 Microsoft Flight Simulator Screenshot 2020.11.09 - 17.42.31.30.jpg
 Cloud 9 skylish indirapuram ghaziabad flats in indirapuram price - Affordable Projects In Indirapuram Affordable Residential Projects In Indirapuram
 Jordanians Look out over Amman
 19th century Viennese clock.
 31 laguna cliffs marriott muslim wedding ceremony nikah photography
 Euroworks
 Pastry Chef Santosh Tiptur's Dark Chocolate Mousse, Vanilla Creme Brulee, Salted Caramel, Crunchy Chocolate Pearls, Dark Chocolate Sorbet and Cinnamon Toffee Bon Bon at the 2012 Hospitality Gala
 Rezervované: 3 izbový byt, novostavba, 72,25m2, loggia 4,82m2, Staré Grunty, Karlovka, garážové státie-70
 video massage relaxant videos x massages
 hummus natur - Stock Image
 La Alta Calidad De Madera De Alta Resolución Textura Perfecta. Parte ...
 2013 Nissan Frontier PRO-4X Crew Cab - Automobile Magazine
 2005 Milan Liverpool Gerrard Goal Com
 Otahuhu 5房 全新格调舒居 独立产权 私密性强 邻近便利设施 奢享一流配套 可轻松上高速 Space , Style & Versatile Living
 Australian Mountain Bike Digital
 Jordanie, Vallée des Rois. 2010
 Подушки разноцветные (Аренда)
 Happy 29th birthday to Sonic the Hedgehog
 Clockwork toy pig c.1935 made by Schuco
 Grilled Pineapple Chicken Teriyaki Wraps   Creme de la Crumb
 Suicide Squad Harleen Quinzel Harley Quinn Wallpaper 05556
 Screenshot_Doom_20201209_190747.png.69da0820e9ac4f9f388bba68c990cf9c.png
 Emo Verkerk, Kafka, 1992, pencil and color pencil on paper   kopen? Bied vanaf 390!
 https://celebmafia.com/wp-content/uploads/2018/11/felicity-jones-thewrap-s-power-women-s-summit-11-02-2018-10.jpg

> Task requirements
Extract from the listing above the lines between the line containing "Jordanians Look out over Amman" and the line containing "video massage relaxant videos x massages", keeping both of those lines. Output nothing else.

> Your solution
 Jordanians Look out over Amman
 19th century Viennese clock.
 31 laguna cliffs marriott muslim wedding ceremony nikah photography
 Euroworks
 Pastry Chef Santosh Tiptur's Dark Chocolate Mousse, Vanilla Creme Brulee, Salted Caramel, Crunchy Chocolate Pearls, Dark Chocolate Sorbet and Cinnamon Toffee Bon Bon at the 2012 Hospitality Gala
 Rezervované: 3 izbový byt, novostavba, 72,25m2, loggia 4,82m2, Staré Grunty, Karlovka, garážové státie-70
 video massage relaxant videos x massages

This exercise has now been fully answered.